-
Our network mainly consists of two parts: the feature extraction network and the metric network, as shown in Fig.1. The feature extraction network is responsible for extracting features in infrared and visible images. The metric network mainly matches the feature’s similarities.
Figure 1. Infrared-visible image deep matching network. The black line with the arrow indicates the data-flow. The blue lines represent shortcut connections through the reshape layers. This figure describes the process of the infrared-visible image patches matching
The feature extraction network extracts the distinguishing features of visible and infrared images. In the feature extraction network, infrared and visible images are input into two VGG16[16] branches, which constitute a Siamese network. To be compatible with the visible image’s three channels, we copy an infrared image into three channels as another branch input. The weights are shared in the two branches. There are five blocks and two FC layers in a single VGG16 branch. A block consists of two or three convolution layers, an activation layer, and a pooling layer. In a single VGG branch, we retain the original FC6 and FC7 layers in VGG16. There are two reasons for retaining the two FC layers. Firstly, the FC7 layer can produce a feature of 1×4096 dimension, rather than 7×7×512 dimensions from the Conv5 block. It can significantly reduce the parameters and calculations in the metric network. Secondly, we find that the branch with FC layers has better performance than that without them in training.

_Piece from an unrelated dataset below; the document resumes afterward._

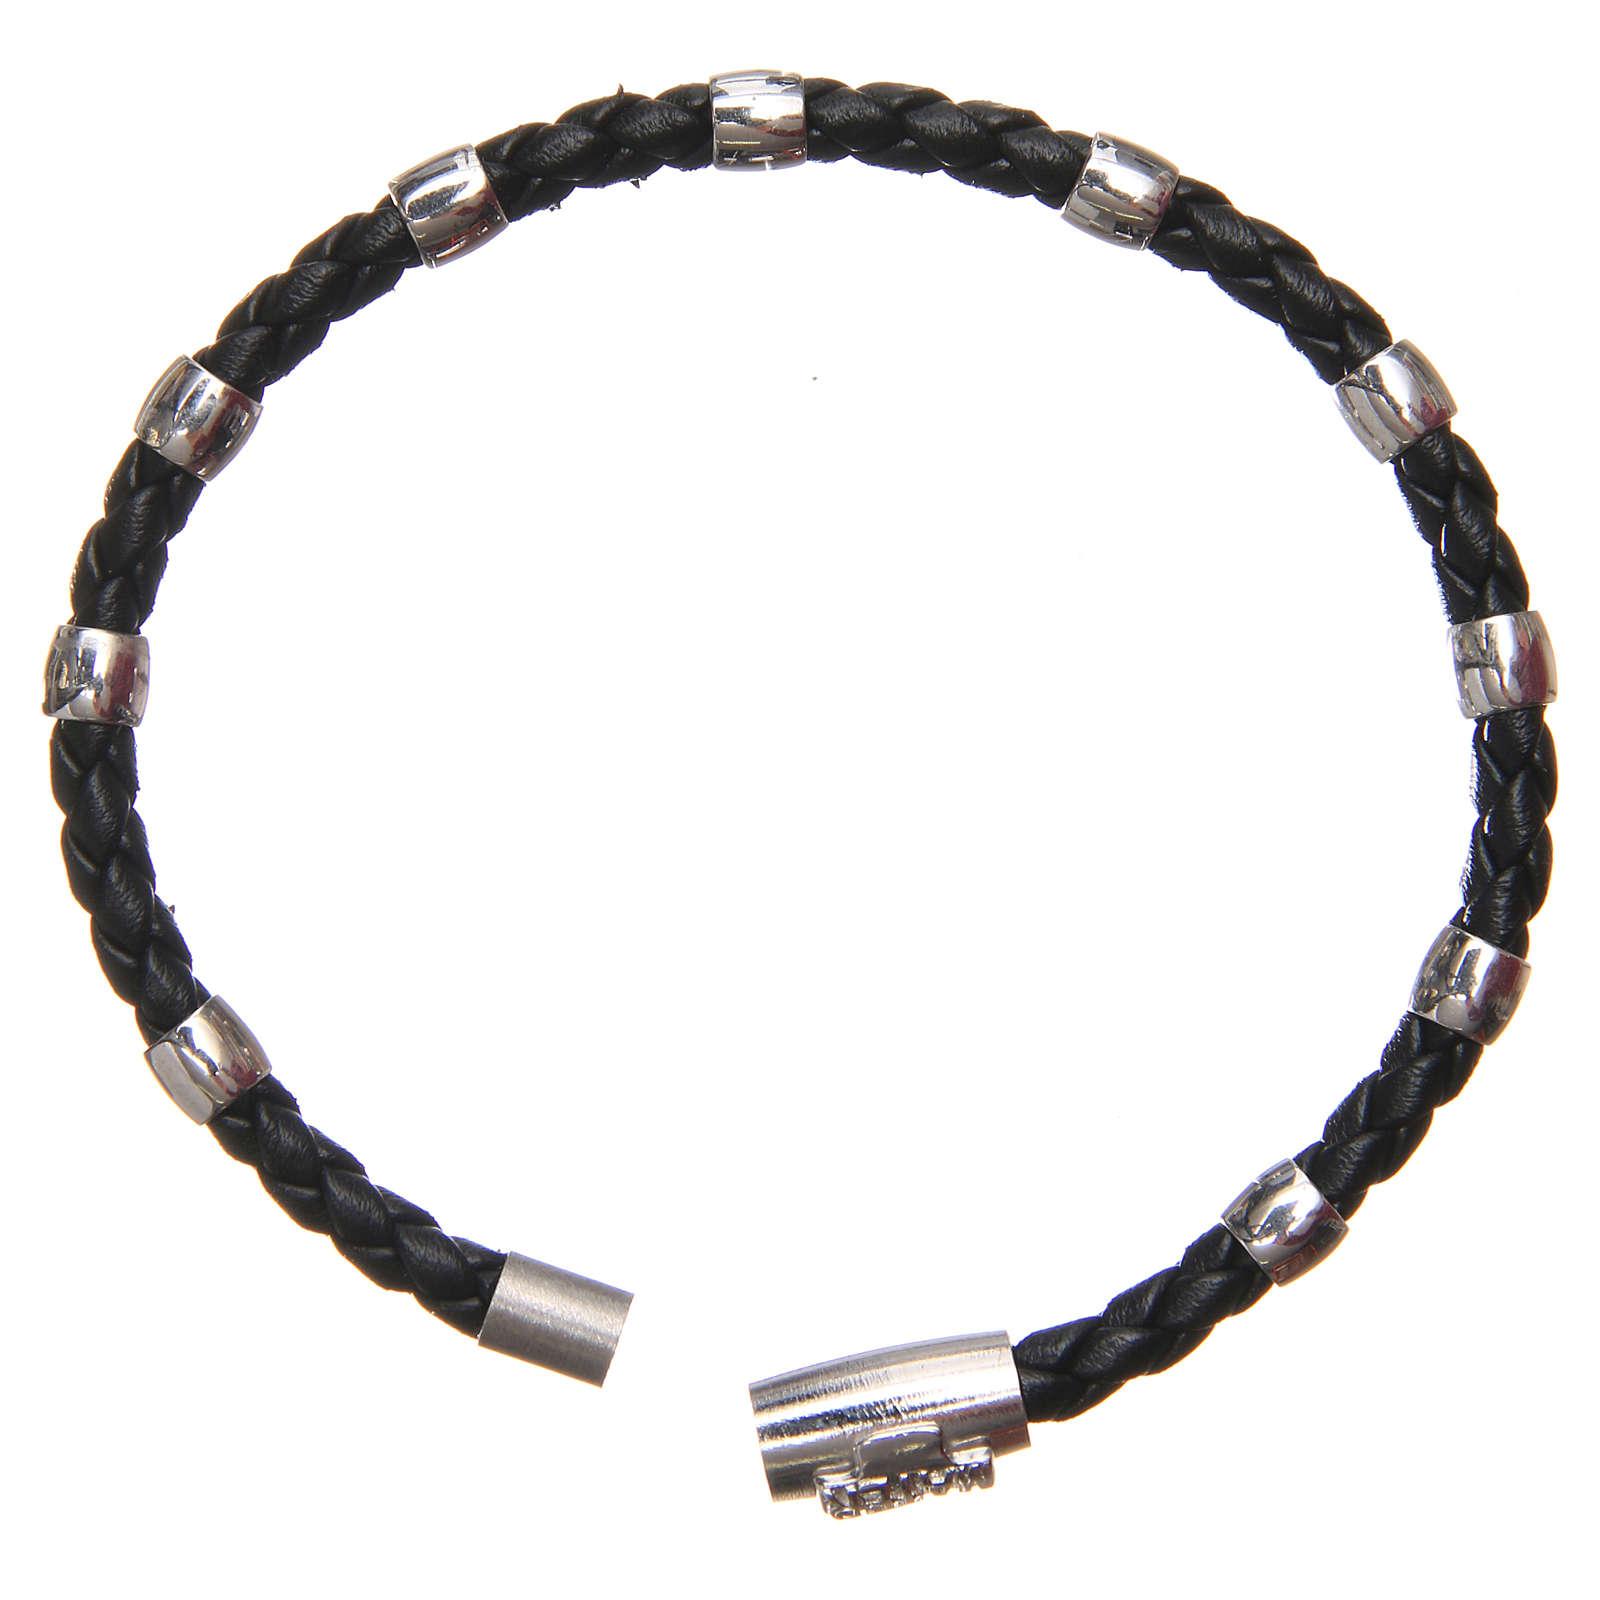 Bracciale MATER nero croce e decina argento 925 4

For infrared and visible images, although their imaging principles are different, the same target is very similar in semantic features. Therefore, branches share network weights in network design. We believe that deep convolutional networks have strong feature representation capacity. It can extract common feature in infrared and visible images. Multiple network branches that traditionally use contrastive loss or triplet loss generally share weights. The shared weights can map high-level features to the same feature space for distance comparison.
The metric network is composed of two FC layers with softmax loss as the objective function. It estimates the probability of whether the visible image and the infrared image are similar or not. Ideally, if they match, the prediction is 1. If they don’t match, the prediction is 0.
-
Compared with visible images, infrared images have no color and less texture information. The edges are usually blurred. However, the objects still have rough outlines and region information in infrared images. These outlines and shapes are common features in visible and infrared images. Therefore, we believe that their spatial information is essential in infrared images for image matching. It is necessary to integrate the spatial features with the semantic features to enhance feature representation.

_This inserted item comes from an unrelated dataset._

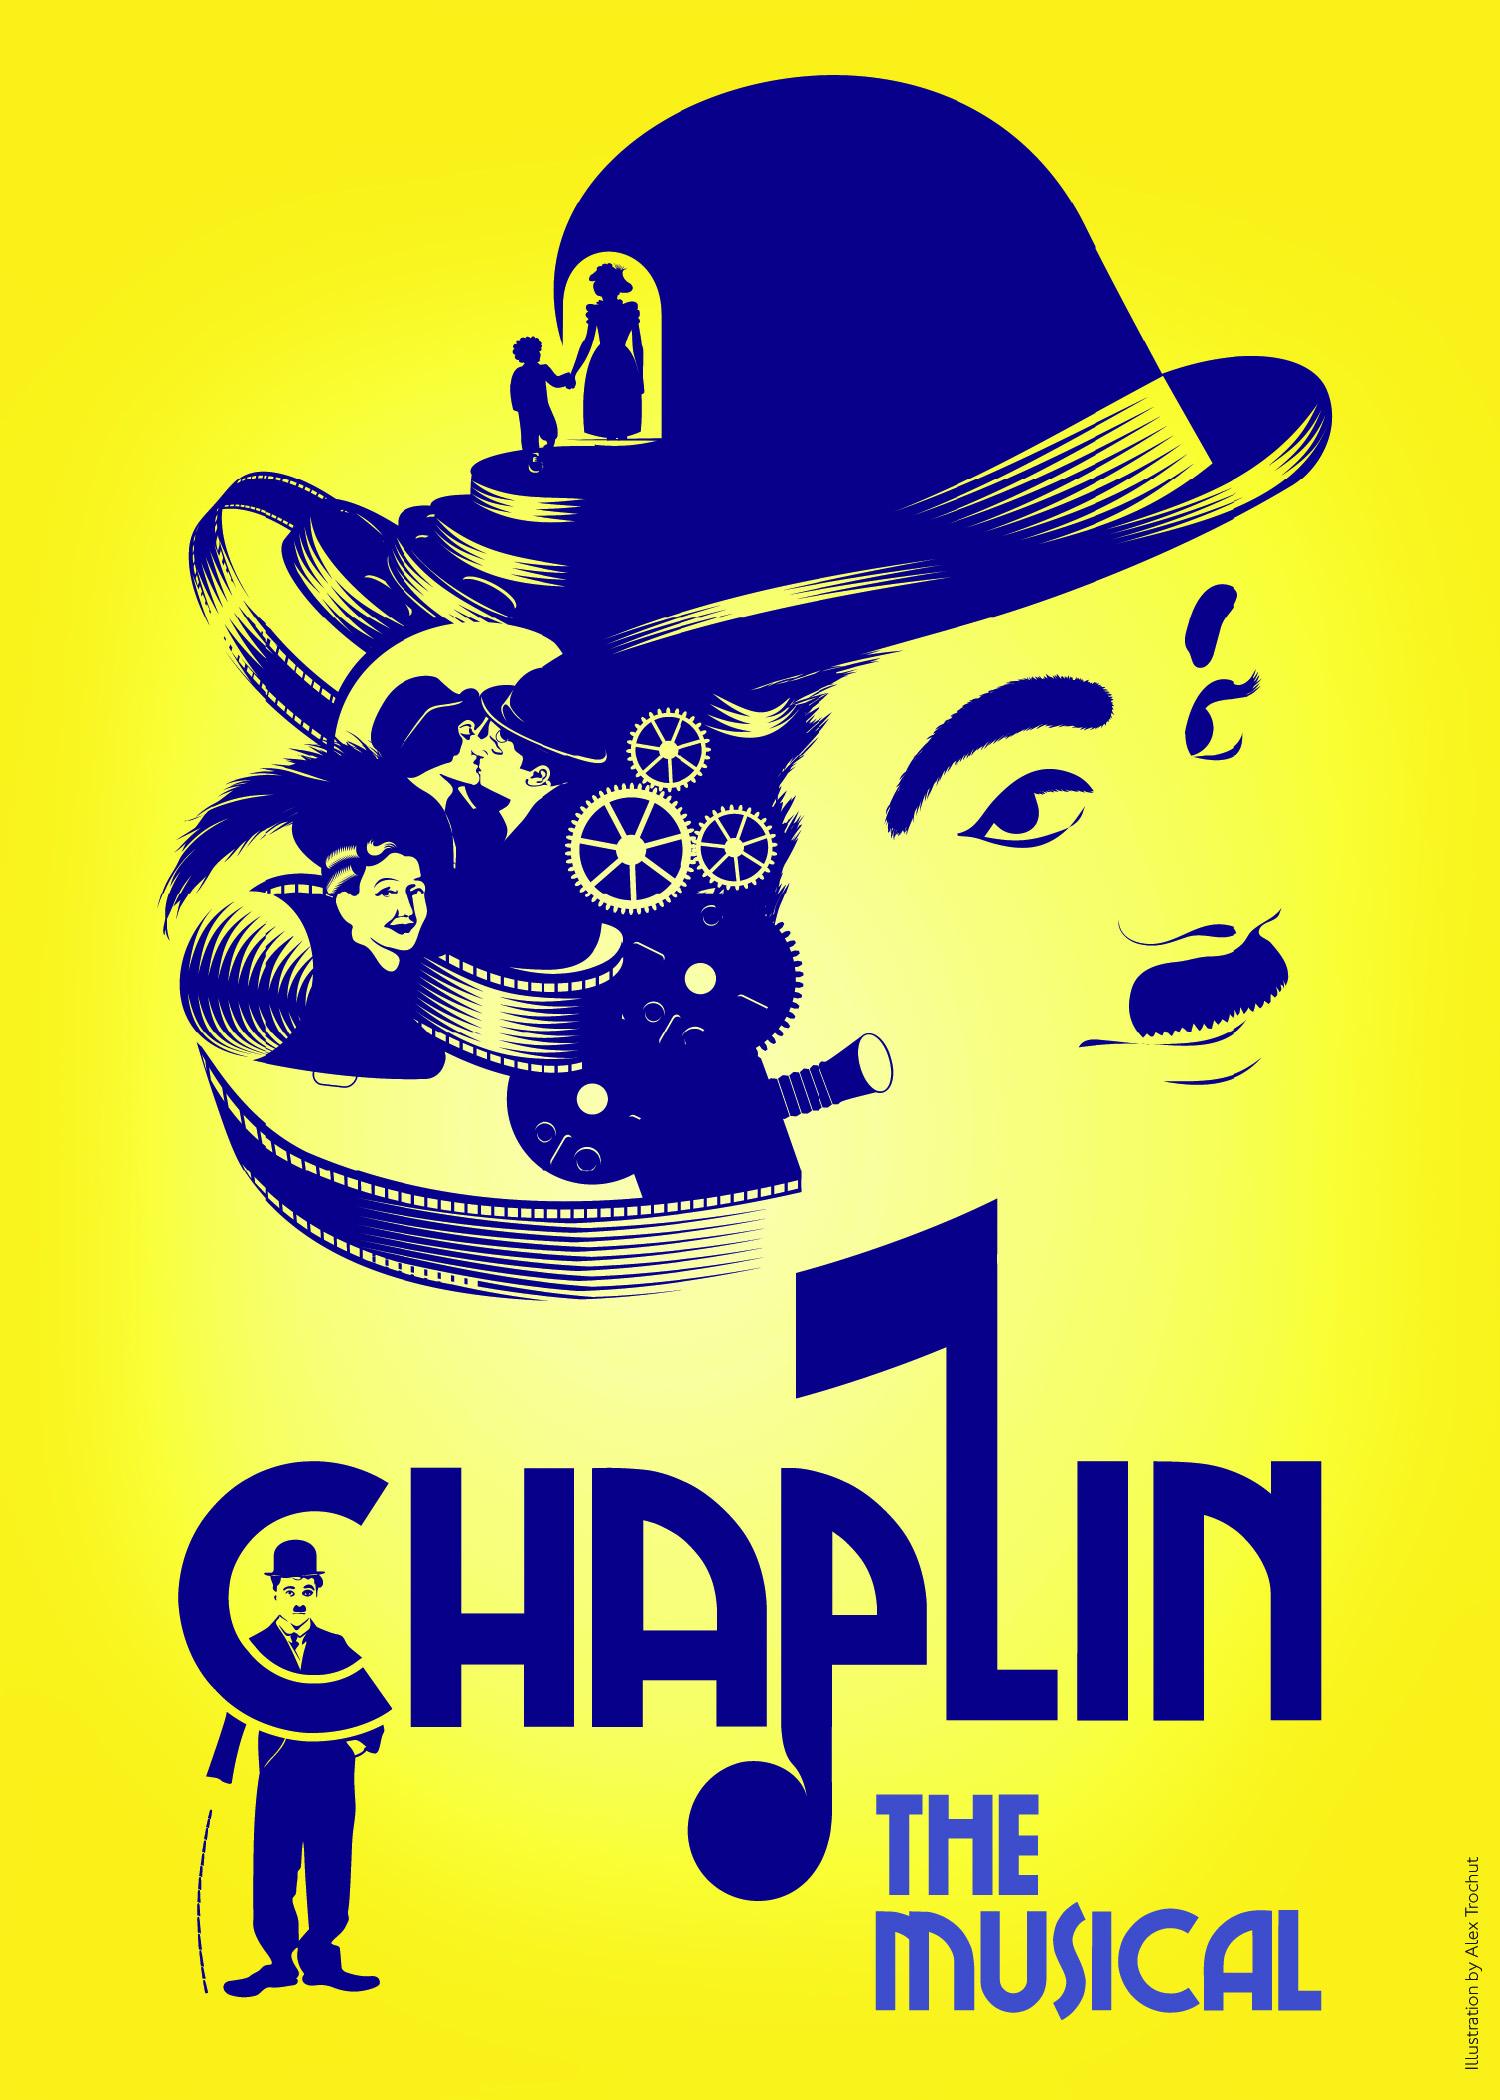 чарли чаплин ресторан спб афиша рядом Парк

On the other hand, it is feasible to propose features with multiple scales in the deep neural network's hierarchical framework. The features proposed from the low-level layers are similar to those extracted with the hand-craft descriptors, such as SIFT, SURF. As the CNN layers deepen, the feature maps less focus on the imaging difference. The semantic features gradually reveal in the high-level layers. In our network, the multi-scale features are input into the metric network. So, the metric network can use more comprehensive information to make similarity decisions. Each block in our network directly connects to the input of the metric network. It can preserve more multi-scale spatial information for similarity comparison in the metric network, as shown in Fig.2.

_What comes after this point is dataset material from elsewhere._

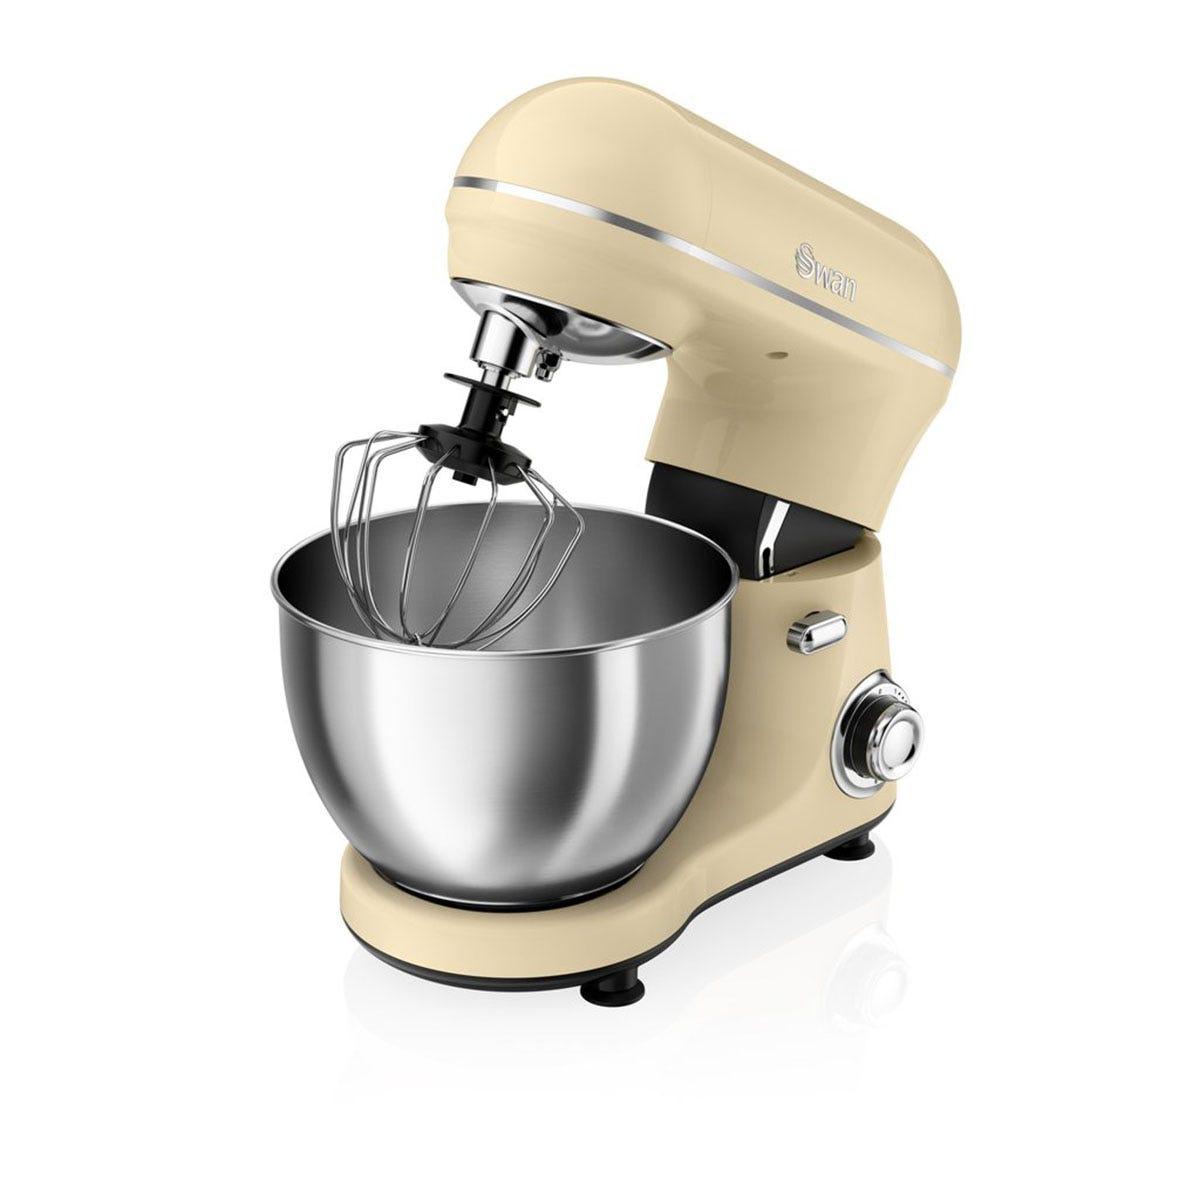 Swan SP21060CN Retro Stand Mixer - Cream

Figure 2. Multi-scale spatial feature integration in a single branch. The output feature map in each block shorts to the concatenation layer. The output of the concatenation layer is one input of the metric network
In multi-scale spatial feature extraction, two problems need to be solved. Firstly, the shortcut feature should maintain the original feature maps' size in each block to preserve spatial information. Secondly, the shortcut feature dimensions should not be too high after it reshapes into a vector. The great dimension eventually results in vast parameters and high computation in the metric network.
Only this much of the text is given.